The plant originated in southern and eastern Europe and the Middle East. However, today chamomile is common throughout Europe, North America and Australia.
Chamomile as a medicinal plant
The drug originates mainly from cultivation areas in Argentina, Egypt, Hungary, Bulgaria and increasingly Spain, the Czech Republic and Germany. In large-scale cultivation for medicinal purposes, more than 5,000 tons of chamomile are harvested annually.
Medicinally, the dried flower heads (Matricariae flos), liquid extracts or essential oil extracted from the flowers are used.
Chamomile: typical characteristics
Chamomile is a 1-year-old plant with strongly slit leaves and numerous pretty flower heads that grows about 0.5 m tall.
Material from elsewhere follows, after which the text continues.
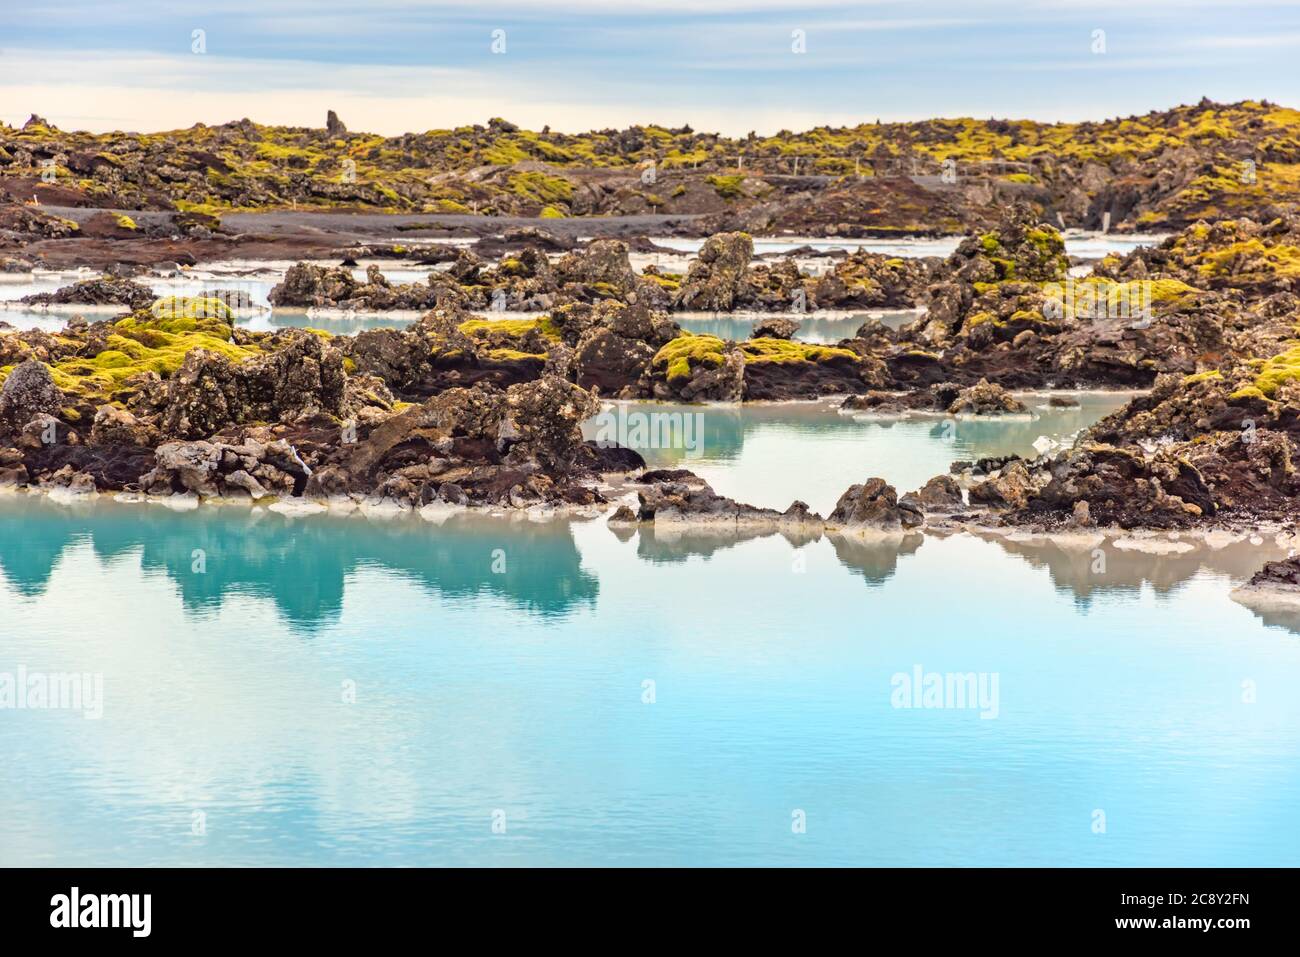 Blue Lagoon natural resort thermal pool near Reykjavik, Iceland. Famous tourist attraction. Stock Photo

The flower heads bear about 15 white ray florets that initially stick out to the side, but later hang down.
On the inflorescence base, between the white ray florets, sit densely packed yellow tubular florets that bloom one after another and from the bottom up.
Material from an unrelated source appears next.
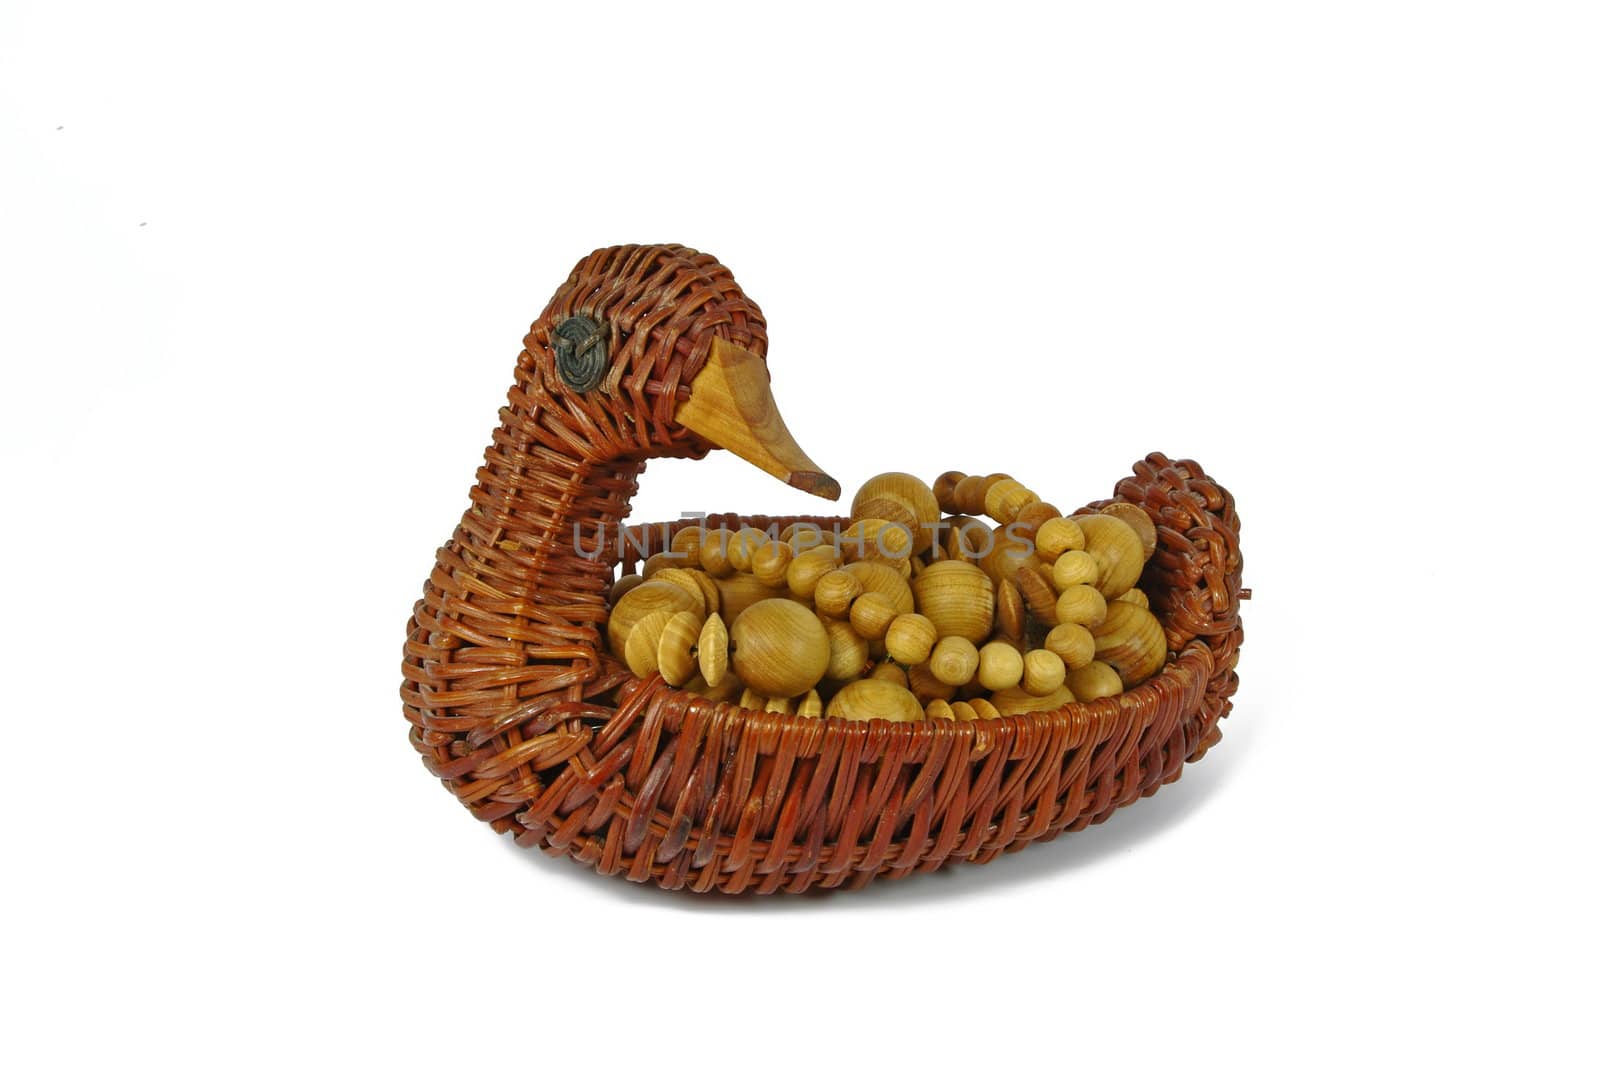 Wicker contaimer in form of duck with beads by Vitamin

Properties of chamomile flowers
The drug consists of the flower heads with yellow tubular flowers surrounded by a ring of white ray florets. The arched inflorescence base is hollow. Because of its yellow flower head and the radiating white ray florets, the Egyptians already revered chamomile as the “flower of the sun god”.
Chamomile flowers spread a characteristic, very aromatic smell. The taste of chamomile flowers is somewhat bitter.